Work instruction:
Every entry must appear in the output exactly as it does here.

Data for processing: Begin

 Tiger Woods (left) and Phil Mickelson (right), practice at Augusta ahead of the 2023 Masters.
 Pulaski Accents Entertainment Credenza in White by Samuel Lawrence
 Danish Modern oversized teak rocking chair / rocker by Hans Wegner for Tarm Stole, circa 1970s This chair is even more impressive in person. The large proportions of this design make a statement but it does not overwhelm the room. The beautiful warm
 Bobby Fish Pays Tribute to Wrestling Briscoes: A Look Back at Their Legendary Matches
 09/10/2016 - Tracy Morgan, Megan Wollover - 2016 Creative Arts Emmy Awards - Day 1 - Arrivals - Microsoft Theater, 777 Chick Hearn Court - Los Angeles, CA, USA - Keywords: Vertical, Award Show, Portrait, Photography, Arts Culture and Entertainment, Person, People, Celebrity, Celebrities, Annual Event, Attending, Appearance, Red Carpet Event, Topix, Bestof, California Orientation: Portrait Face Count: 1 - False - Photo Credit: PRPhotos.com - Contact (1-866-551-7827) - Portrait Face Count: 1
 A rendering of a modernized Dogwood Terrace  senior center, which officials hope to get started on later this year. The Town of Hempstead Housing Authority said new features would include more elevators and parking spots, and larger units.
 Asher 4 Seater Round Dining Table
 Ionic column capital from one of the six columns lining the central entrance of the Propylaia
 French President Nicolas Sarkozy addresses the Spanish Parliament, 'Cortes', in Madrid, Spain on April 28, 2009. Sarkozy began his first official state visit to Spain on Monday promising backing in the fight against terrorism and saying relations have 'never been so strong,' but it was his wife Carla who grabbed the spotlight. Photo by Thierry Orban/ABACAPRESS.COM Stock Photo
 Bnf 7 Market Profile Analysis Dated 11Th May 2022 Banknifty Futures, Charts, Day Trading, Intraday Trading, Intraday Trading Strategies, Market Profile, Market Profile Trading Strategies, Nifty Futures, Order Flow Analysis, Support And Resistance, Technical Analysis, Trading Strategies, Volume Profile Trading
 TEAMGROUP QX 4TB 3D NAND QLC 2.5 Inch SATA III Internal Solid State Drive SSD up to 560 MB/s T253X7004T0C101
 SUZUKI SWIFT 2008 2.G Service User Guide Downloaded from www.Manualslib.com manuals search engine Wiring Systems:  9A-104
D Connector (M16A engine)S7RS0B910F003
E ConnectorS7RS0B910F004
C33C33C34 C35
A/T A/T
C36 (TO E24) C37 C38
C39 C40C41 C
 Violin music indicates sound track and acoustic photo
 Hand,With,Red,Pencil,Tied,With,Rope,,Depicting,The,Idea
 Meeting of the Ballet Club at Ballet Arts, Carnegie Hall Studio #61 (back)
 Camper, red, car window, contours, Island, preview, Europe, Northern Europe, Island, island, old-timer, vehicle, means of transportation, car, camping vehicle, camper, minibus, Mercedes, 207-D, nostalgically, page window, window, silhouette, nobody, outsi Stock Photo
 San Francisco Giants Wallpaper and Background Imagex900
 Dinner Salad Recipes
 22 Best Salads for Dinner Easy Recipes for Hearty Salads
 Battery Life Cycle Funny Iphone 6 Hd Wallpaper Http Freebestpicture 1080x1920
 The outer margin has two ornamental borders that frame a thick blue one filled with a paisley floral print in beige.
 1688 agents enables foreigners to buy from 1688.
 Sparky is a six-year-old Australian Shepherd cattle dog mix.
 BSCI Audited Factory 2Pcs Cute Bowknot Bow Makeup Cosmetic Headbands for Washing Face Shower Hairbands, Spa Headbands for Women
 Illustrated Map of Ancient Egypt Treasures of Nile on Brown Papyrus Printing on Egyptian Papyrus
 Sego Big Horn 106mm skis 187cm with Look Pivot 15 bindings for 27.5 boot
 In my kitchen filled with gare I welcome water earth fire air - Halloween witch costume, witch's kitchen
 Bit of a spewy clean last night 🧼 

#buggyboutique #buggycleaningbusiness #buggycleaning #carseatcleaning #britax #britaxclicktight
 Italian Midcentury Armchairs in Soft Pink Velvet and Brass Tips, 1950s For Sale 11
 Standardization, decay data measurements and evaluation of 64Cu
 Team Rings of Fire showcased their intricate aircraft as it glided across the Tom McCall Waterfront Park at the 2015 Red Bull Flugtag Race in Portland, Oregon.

Data for processing: End

Worked solution:
 Tiger Woods (left) and Phil Mickelson (right), practice at Augusta ahead of the 2023 Masters.
 Pulaski Accents Entertainment Credenza in White by Samuel Lawrence
 Danish Modern oversized teak rocking chair / rocker by Hans Wegner for Tarm Stole, circa 1970s This chair is even more impressive in person. The large proportions of this design make a statement but it does not overwhelm the room. The beautiful warm
 Bobby Fish Pays Tribute to Wrestling Briscoes: A Look Back at Their Legendary Matches
 09/10/2016 - Tracy Morgan, Megan Wollover - 2016 Creative Arts Emmy Awards - Day 1 - Arrivals - Microsoft Theater, 777 Chick Hearn Court - Los Angeles, CA, USA - Keywords: Vertical, Award Show, Portrait, Photography, Arts Culture and Entertainment, Person, People, Celebrity, Celebrities, Annual Event, Attending, Appearance, Red Carpet Event, Topix, Bestof, California Orientation: Portrait Face Count: 1 - False - Photo Credit: PRPhotos.com - Contact (1-866-551-7827) - Portrait Face Count: 1
 A rendering of a modernized Dogwood Terrace  senior center, which officials hope to get started on later this year. The Town of Hempstead Housing Authority said new features would include more elevators and parking spots, and larger units.
 Asher 4 Seater Round Dining Table
 Ionic column capital from one of the six columns lining the central entrance of the Propylaia
 French President Nicolas Sarkozy addresses the Spanish Parliament, 'Cortes', in Madrid, Spain on April 28, 2009. Sarkozy began his first official state visit to Spain on Monday promising backing in the fight against terrorism and saying relations have 'never been so strong,' but it was his wife Carla who grabbed the spotlight. Photo by Thierry Orban/ABACAPRESS.COM Stock Photo
 Bnf 7 Market Profile Analysis Dated 11Th May 2022 Banknifty Futures, Charts, Day Trading, Intraday Trading, Intraday Trading Strategies, Market Profile, Market Profile Trading Strategies, Nifty Futures, Order Flow Analysis, Support And Resistance, Technical Analysis, Trading Strategies, Volume Profile Trading
 TEAMGROUP QX 4TB 3D NAND QLC 2.5 Inch SATA III Internal Solid State Drive SSD up to 560 MB/s T253X7004T0C101
 SUZUKI SWIFT 2008 2.G Service User Guide Downloaded from www.Manualslib.com manuals search engine Wiring Systems:  9A-104
D Connector (M16A engine)S7RS0B910F003
E ConnectorS7RS0B910F004
C33C33C34 C35
A/T A/T
C36 (TO E24) C37 C38
C39 C40C41 C
 Violin music indicates sound track and acoustic photo
 Hand,With,Red,Pencil,Tied,With,Rope,,Depicting,The,Idea
 Meeting of the Ballet Club at Ballet Arts, Carnegie Hall Studio #61 (back)
 Camper, red, car window, contours, Island, preview, Europe, Northern Europe, Island, island, old-timer, vehicle, means of transportation, car, camping vehicle, camper, minibus, Mercedes, 207-D, nostalgically, page window, window, silhouette, nobody, outsi Stock Photo
 San Francisco Giants Wallpaper and Background Imagex900
 Dinner Salad Recipes
 22 Best Salads for Dinner Easy Recipes for Hearty Salads
 Battery Life Cycle Funny Iphone 6 Hd Wallpaper Http Freebestpicture 1080x1920
 The outer margin has two ornamental borders that frame a thick blue one filled with a paisley floral print in beige.
 1688 agents enables foreigners to buy from 1688.
 Sparky is a six-year-old Australian Shepherd cattle dog mix.
 BSCI Audited Factory 2Pcs Cute Bowknot Bow Makeup Cosmetic Headbands for Washing Face Shower Hairbands, Spa Headbands for Women
 Illustrated Map of Ancient Egypt Treasures of Nile on Brown Papyrus Printing on Egyptian Papyrus
 Sego Big Horn 106mm skis 187cm with Look Pivot 15 bindings for 27.5 boot
 In my kitchen filled with gare I welcome water earth fire air - Halloween witch costume, witch's kitchen
 Bit of a spewy clean last night 🧼 

#buggyboutique #buggycleaningbusiness #buggycleaning #carseatcleaning #britax #britaxclicktight
 Italian Midcentury Armchairs in Soft Pink Velvet and Brass Tips, 1950s For Sale 11
 Standardization, decay data measurements and evaluation of 64Cu
 Team Rings of Fire showcased their intricate aircraft as it glided across the Tom McCall Waterfront Park at the 2015 Red Bull Flugtag Race in Portland, Oregon.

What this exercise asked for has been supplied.